**PROBLEM DESCRIPTION:** Write out, from the entries below, exactly the lines that run between the lines holding "Poster Cittadel di" and "Call of Duty: Advanced", inclusive, and stop there.

**PROVIDED RECORDS:**

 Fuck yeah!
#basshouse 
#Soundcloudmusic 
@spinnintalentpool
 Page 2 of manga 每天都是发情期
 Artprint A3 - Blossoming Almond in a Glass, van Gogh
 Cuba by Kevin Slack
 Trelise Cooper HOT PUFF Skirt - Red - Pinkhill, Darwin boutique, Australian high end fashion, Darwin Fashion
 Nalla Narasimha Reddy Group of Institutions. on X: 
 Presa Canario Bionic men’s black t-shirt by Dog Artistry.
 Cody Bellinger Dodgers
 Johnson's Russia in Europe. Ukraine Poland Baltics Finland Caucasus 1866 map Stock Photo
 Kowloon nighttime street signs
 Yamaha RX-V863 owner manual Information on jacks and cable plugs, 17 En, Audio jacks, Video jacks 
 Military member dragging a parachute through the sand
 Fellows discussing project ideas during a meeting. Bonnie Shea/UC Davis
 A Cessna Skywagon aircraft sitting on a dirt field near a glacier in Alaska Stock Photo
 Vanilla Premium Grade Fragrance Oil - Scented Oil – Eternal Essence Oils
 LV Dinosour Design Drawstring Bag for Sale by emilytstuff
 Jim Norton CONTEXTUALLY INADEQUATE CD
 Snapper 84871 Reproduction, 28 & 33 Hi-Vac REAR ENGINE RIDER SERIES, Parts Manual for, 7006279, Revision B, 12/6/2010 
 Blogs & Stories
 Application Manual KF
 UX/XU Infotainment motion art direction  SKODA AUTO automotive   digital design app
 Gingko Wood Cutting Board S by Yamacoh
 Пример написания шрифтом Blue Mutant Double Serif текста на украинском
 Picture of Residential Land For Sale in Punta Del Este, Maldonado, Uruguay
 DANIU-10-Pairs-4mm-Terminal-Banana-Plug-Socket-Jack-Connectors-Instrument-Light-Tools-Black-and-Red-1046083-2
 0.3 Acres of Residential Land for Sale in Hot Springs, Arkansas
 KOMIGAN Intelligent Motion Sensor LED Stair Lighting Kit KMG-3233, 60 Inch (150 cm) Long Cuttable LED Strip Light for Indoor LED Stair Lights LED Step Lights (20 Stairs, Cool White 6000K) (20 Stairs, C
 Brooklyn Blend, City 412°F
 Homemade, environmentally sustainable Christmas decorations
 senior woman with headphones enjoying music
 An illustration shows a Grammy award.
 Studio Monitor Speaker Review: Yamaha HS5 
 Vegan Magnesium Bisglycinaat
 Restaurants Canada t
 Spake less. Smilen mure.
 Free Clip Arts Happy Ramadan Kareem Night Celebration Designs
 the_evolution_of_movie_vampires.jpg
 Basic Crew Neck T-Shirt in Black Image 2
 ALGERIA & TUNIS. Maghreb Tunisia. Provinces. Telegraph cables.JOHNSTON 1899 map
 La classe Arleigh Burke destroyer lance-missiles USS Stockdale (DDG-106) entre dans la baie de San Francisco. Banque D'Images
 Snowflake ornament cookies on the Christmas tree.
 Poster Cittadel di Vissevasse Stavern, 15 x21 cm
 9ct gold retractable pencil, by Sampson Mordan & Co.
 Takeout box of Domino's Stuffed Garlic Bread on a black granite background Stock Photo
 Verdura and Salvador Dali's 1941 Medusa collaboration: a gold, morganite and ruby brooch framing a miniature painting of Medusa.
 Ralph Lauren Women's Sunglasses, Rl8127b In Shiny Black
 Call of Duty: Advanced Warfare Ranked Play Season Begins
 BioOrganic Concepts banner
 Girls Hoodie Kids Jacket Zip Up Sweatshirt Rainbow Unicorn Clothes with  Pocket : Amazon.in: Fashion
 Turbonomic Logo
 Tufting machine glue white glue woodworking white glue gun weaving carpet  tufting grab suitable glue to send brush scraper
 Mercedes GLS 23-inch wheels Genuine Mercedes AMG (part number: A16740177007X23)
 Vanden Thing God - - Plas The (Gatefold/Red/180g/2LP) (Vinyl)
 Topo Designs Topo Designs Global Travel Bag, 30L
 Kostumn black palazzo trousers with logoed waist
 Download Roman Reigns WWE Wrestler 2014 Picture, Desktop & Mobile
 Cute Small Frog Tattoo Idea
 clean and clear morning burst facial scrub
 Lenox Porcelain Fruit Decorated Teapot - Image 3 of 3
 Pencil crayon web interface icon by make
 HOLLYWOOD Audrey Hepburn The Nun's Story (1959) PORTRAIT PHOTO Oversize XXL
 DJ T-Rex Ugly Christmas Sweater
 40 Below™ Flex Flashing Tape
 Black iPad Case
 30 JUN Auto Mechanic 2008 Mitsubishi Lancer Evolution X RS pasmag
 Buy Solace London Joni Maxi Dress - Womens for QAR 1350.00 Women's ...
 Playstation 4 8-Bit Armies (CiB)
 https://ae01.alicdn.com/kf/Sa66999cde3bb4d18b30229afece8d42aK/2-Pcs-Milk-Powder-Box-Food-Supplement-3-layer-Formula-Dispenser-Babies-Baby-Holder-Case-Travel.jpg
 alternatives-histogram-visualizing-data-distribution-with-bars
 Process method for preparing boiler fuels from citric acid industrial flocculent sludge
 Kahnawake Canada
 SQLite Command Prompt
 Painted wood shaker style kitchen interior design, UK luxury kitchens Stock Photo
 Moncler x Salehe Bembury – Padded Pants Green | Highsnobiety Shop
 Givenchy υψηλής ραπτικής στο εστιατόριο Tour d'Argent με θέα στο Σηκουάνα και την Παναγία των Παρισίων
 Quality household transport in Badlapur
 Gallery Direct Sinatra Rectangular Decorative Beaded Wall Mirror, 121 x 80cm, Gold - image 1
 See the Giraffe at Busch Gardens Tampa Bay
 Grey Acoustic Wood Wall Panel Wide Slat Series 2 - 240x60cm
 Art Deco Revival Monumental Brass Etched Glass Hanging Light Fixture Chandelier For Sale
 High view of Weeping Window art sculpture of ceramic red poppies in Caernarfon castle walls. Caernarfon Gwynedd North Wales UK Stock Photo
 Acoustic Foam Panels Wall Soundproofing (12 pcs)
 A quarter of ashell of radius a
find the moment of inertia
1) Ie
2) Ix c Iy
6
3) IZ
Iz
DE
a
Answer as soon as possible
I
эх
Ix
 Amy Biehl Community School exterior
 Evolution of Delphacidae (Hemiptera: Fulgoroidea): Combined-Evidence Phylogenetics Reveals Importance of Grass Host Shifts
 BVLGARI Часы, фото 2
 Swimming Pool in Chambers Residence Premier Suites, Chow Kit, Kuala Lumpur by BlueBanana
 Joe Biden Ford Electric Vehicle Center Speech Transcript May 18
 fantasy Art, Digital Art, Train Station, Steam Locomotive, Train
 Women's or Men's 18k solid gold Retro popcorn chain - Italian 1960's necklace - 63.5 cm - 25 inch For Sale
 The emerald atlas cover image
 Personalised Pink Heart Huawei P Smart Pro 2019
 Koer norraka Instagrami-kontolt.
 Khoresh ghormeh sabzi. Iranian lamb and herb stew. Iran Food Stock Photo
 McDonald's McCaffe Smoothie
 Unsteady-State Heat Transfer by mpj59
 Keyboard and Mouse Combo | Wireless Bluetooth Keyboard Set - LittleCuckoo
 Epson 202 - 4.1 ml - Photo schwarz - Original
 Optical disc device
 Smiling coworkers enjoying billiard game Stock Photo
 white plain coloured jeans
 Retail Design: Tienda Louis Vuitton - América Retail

**YOUR SOLUTION:**
 Poster Cittadel di Vissevasse Stavern, 15 x21 cm
 9ct gold retractable pencil, by Sampson Mordan & Co.
 Takeout box of Domino's Stuffed Garlic Bread on a black granite background Stock Photo
 Verdura and Salvador Dali's 1941 Medusa collaboration: a gold, morganite and ruby brooch framing a miniature painting of Medusa.
 Ralph Lauren Women's Sunglasses, Rl8127b In Shiny Black
 Call of Duty: Advanced Warfare Ranked Play Season Begins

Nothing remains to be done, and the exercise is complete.